Moreover, not requiring the State to prove that the defendant
exclusively possessed the misappropriated property in embezzlement cases is
consistent with authority in other jurisdictions. See State v. Sutton, 280 S.E.2d 751, 754 (N.C. Ct. App.
1981); Hovee v. State, 596 P.2d 1127, 1131 (Wyo. 1979); Evans v. State, 343 So.2d 557, 560
(Ala. Crim. App. 1977). The
evidence in this case is sufficient to support the jury's finding that Willette
was guilty of the theft. Hernandez, 1998 ME 73, ¶ 2, 708
A.2d at 1026-27.
II.
[¶11] Willette also contends that the court
erroneously excluded from evidence two evaluations of her performance as an
employee. We review a trial
court's decision to exclude evidence for an abuse of discretion or clear
error. State v. Tomah, 1999 ME 109, ¶ 7, 736
A.2d 1047, 1050.
[¶12] The trial court excluded both
performance reviews as irrelevant.
Willette offered the first evaluation to prove that she was a good
employee.
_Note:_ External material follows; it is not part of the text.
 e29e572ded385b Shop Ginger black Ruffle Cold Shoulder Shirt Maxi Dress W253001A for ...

Because the evaluation
pertains to Willette's employment conduct prior to 1992, long before the thefts
occurred, its exclusion by the court was not error.
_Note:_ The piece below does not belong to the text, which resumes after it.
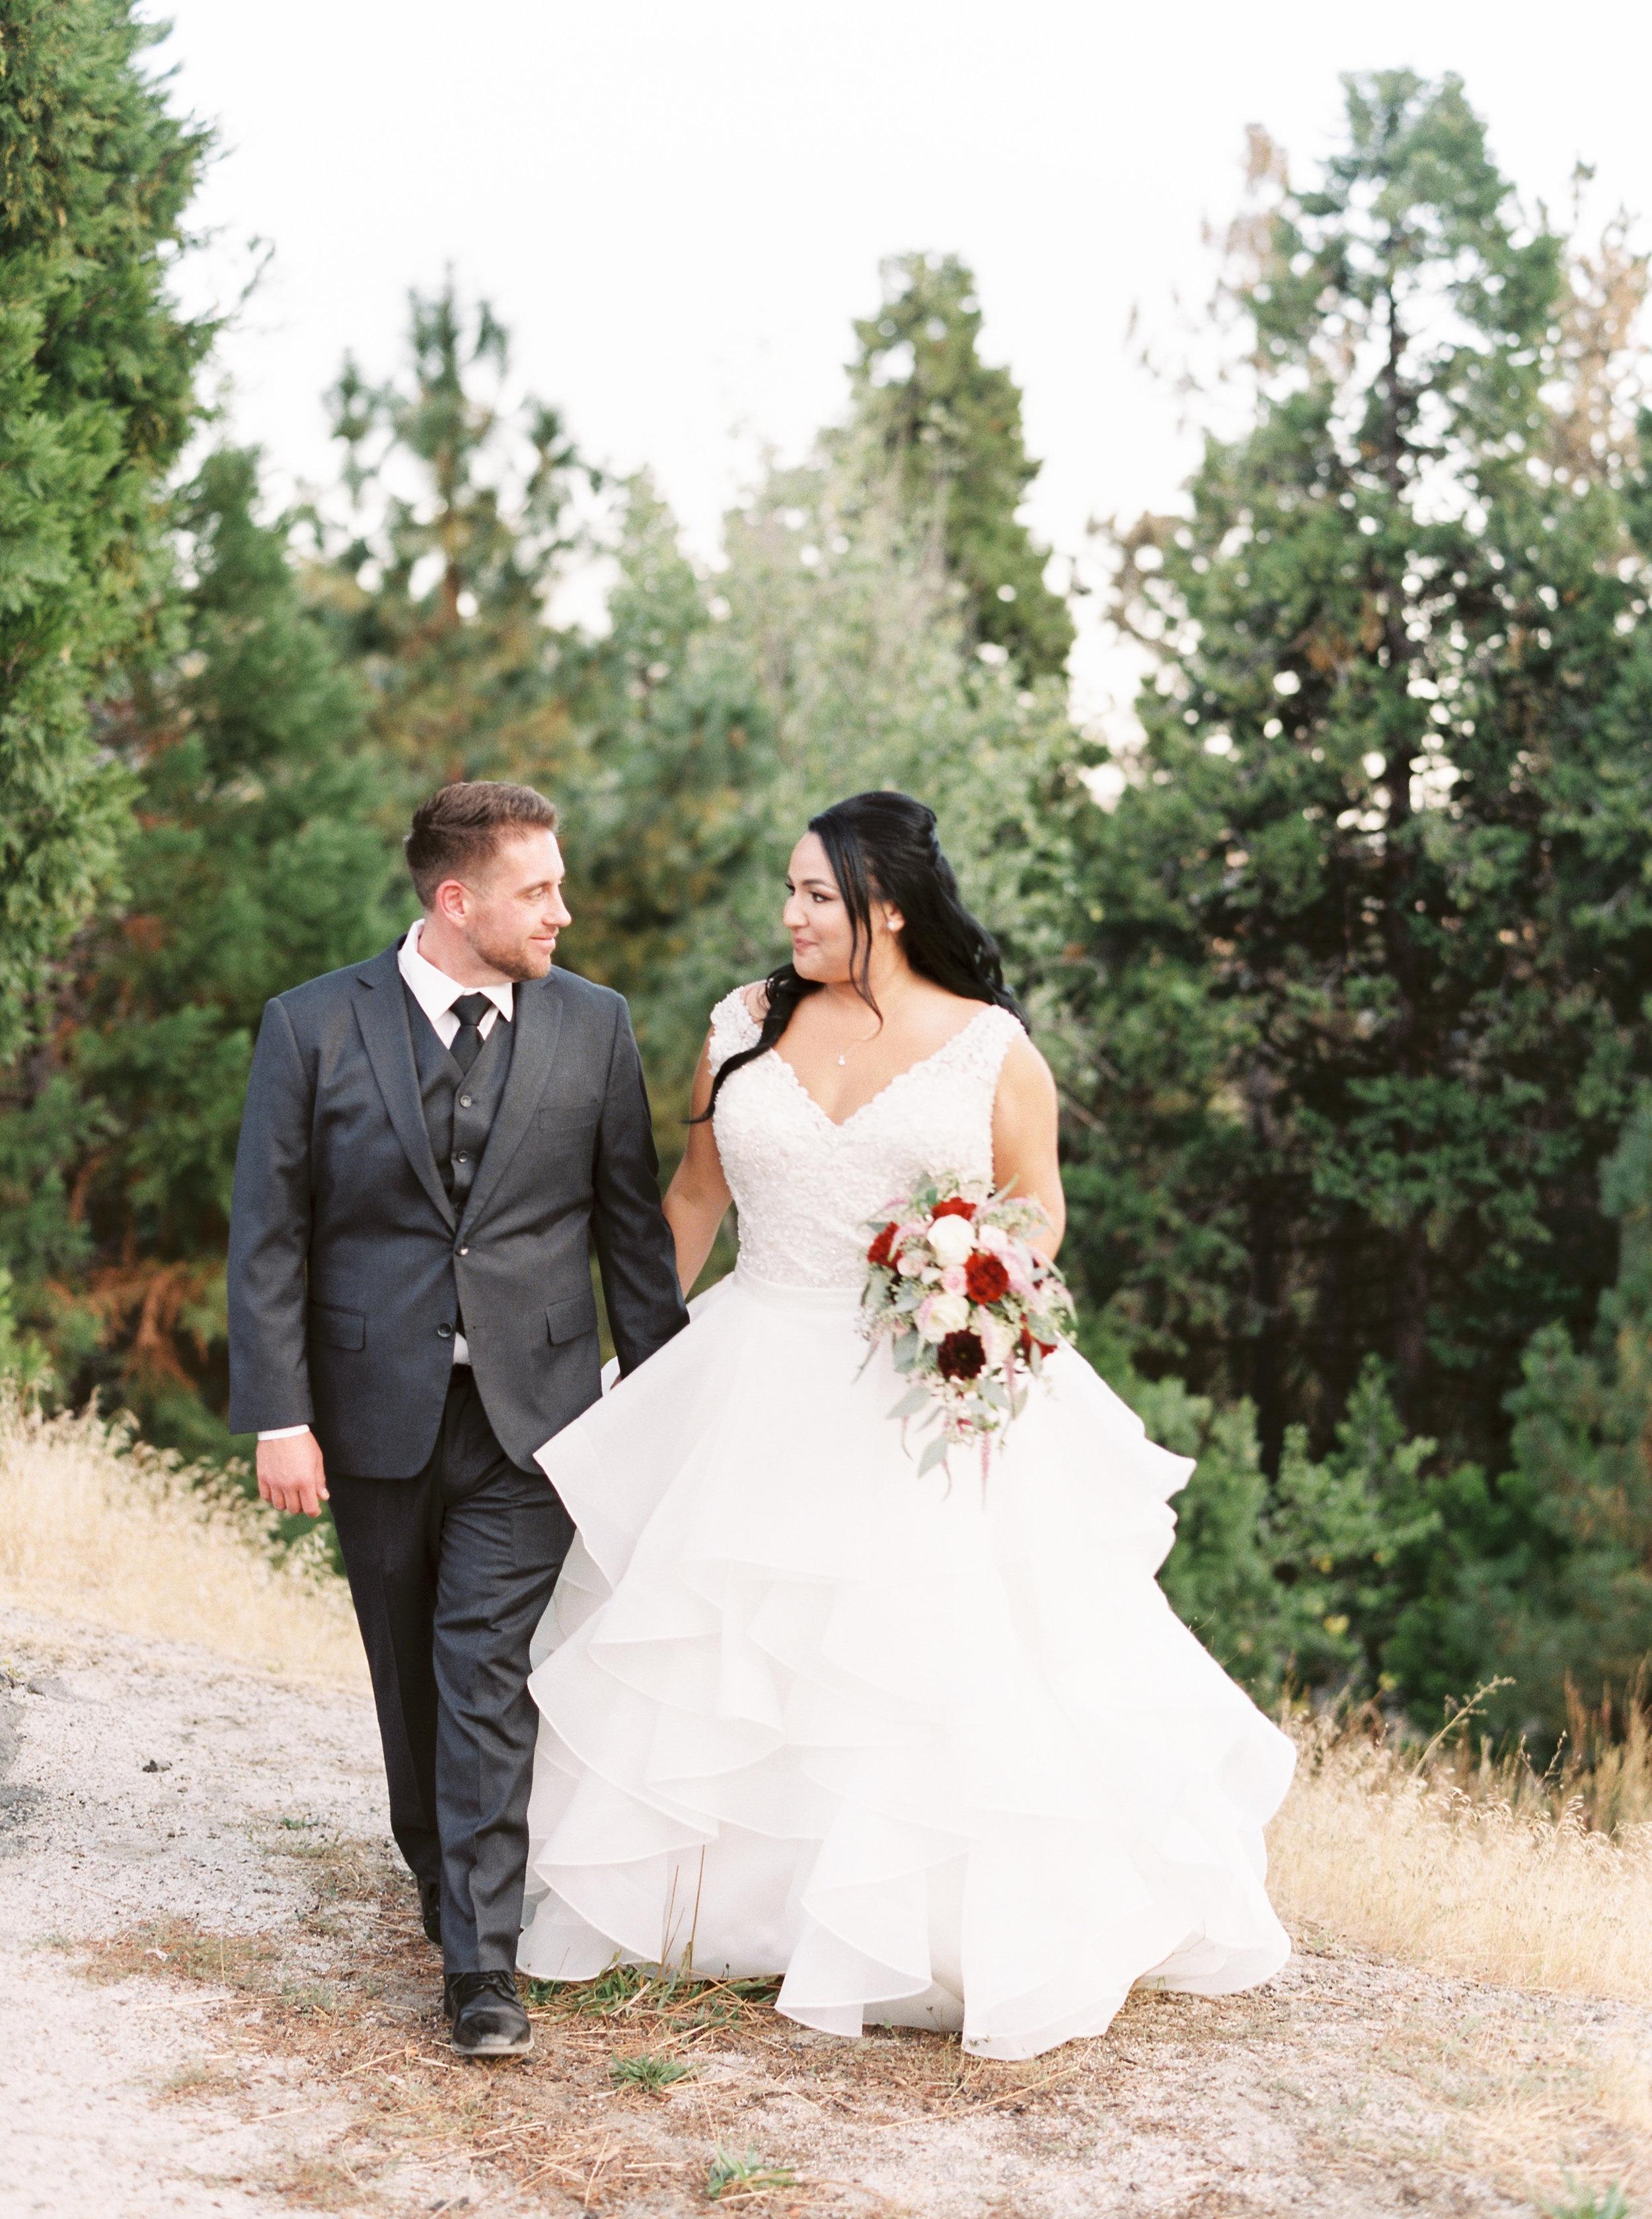 Tenaya-lodge-wedding-at-yosemite-national-park-california-14.jpg

[¶13] The second evaluation, prepared in
January of 1998, was closer in time to the thefts, but also was also properly
excluded. The evaluation is
hearsay, and Willette did not argue at trial its admissibility as either a
business record, M.R. Evid. 803(6), or an admission by a party opponent. M.R. Evid. 801(d)(2).[3] Moreover, Willette's supervisor
testified in the case and could have been asked about her observations of
Willette's performance as a clerk.
[¶14] Willette also contends that the
performance evaluations are character evidence offered to show her reputation
for honesty. "Evidence of a
person's character or a trait of good character is not admissible for the
purpose of proving that the person acted in conformity therewith on a
particular occasion, except . . . evidence of a pertinent trait of character
offered by an accused, or by the prosecution to rebut the same." M.R. Evid. 404(a). Although Willette argues the
performance evaluations exemplify her character, such evidence is limited to
proof by reputation testimony.[4] See State v. Wells, 423 A.2d 221, 227
(Me. 1980).
[¶15] In limited
circumstances, where character is an essential element of a charge, "proof may
also be made of specific instances of that person's conduct." M.R. Evid. 405(b). Even assuming, arguendo, that the crime of
theft puts Willette's character "in issue," Willette offered the evaluations,
not to prove specific instances of Willette's honest conduct, but to show that
she was a "good employee." Accordingly,
the trial court neither erred nor acted beyond its discretion in excluding the
evaluations as character evidence.
The entry is:
Judgment
affirmed.
Attorneys for State:
Leanne
Robbin, Assistant Atty. General (orally)
6
State House Station
Augusta,
ME 04333-0006
Attorney
for defendant:
Caroline
J. Gardner, Esq. (orally)
80
Exchange Street
Portland,
ME 04101
[1] 17-A M.R.S.A. § 353(1)
provides:
A person is
guilty of theft if he obtains
or exercises unauthorized control over the property of another with intent to
deprive him thereof.
[2] According to office
procedure, every transaction must be entered in the computer system. Following the entry of a financial
transaction, the computer produces receipts for both the customer and the
court's file, and creates a record of the transaction on a central financial
program, which, in turn, compiles master lists of financial transactions for a
particular time period. The
receipt and record each identify the docket number, the clerk who completed the
transaction, and whether the fee was paid by cash or check.
[3] Admissions by
government employees in criminal cases generally do not fall within the section
801(d)(2) exception to the hearsay rule.
State v. Therriault, 485 A.2d 986, 992 (Me. 1984).
[4] Rule 405(a) provides,
"[i]n all cases in which evidence of character or a trait of character of a
person is admissible, proof may be made by testimony as to reputation. On cross-examination, inquiry is
allowable into relevant specific instances of conduct." M.R. Evid. § 405(a).